It is clear from Table 5 that variation of the ladle analysis is reduced remarkably and absorption of nitrogen during the period from the end of the blowing and the end of the argon gas blowing is reduced in the present invention.

Claims (6)

What is claimed is:
1. In a method for refining a melt of molten steel by gas blowing in a ladle, said melt having a layer of slag on the surface thereof wherein an inert gas is bubbled upwardly from the bottom of the ladle through the melt to agitate and induce turbulence in the melt and remove impurities therefrom, said process being carried out under atmospheric pressure, the improvement which comprises partially immersing an inverted receptable having side walls into the surface of the melt such that a portion of the interior of the receptacle is above the surface of the melt and to create a slag-free melt surface within the side-walled area of the receptacle which is in contact with said interior portion, said side wall being immersed into the melt to a depth just sufficient to avoid the introduction of said slag into the interior portion due to turbulence of the melt and wherein the receptacle is positioned so as to entrap substantially all of the inert gas bubbles as they escape from the top of the melt and maintaining a non-oxidizing atmosphere within the interior portion of the receptacle.
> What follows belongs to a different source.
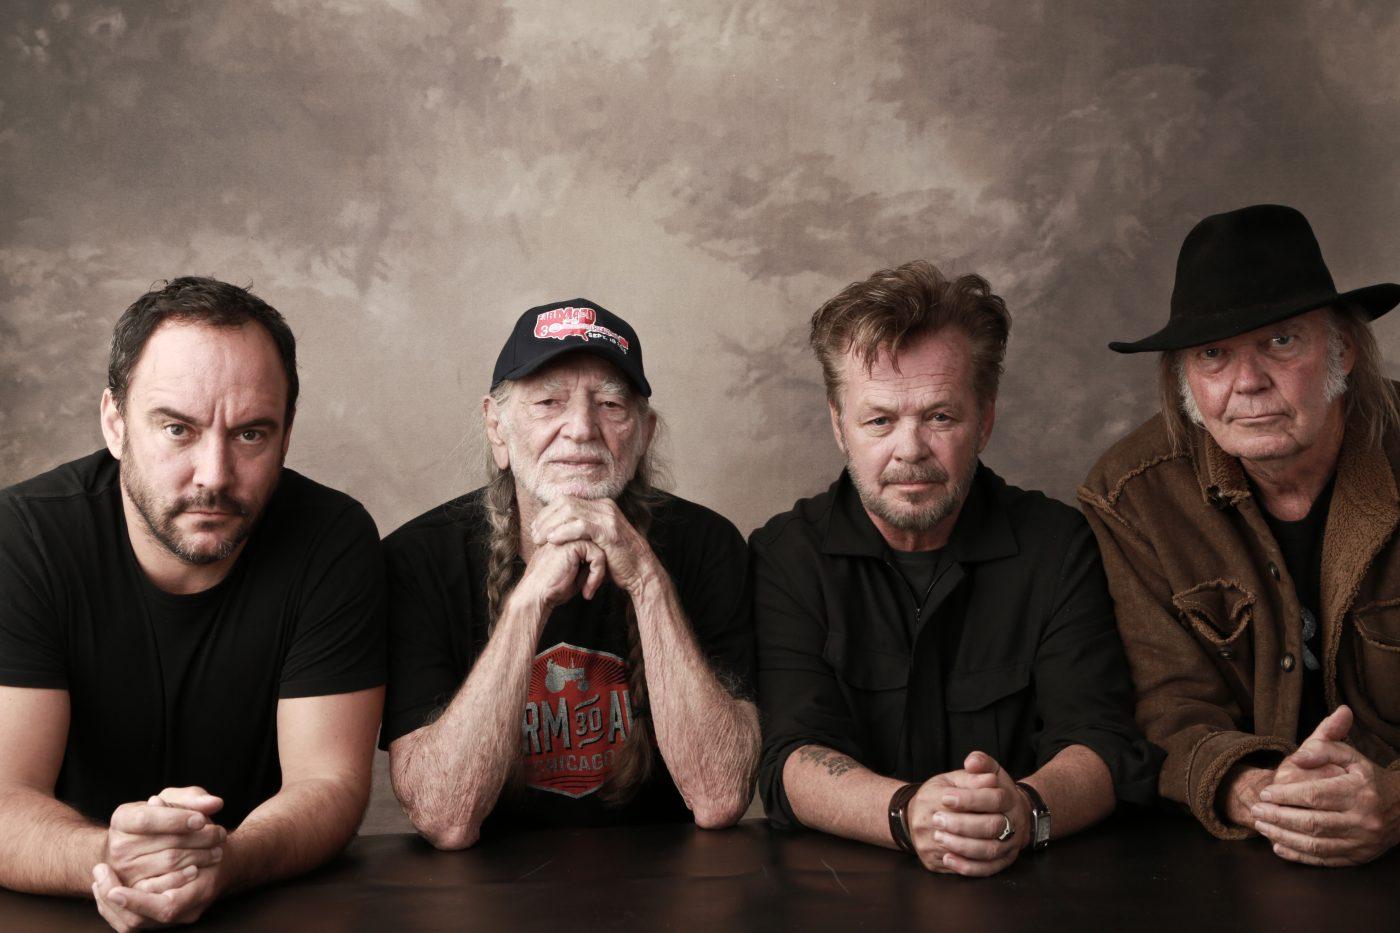 Dave Matthews(デイヴ・マシューズ)、Willie Nelson(ウィリー・ネルソン)、John Mellencamp(ジョン・メレンキャンプ)、Neil     Young(ニール・ヤング)

2. The method of claim 1 wherein the receptacle possesses a slag breaker covering its open end, said slag breaker being composed of a disposable material which, once the receptacle is immersed through the slag layer into the melt, the slag breaker dissolves into the melt thereby exposing said slag-free surface of the melt to the interior portion of the receptacle.
3. The method of claim 1, wherein a gas selected from the group consisting of inert gases and non-oxidizing gases is introduced into the interior portion of the receptacle.
4. The method of claim 1 wherein a non-oxidizing slag is introduced into the interior portion of the receptacle.
5. The method of claim 1 wherein an alloy is added to the melt by introducing said alloy into the interior portion of the receptacle.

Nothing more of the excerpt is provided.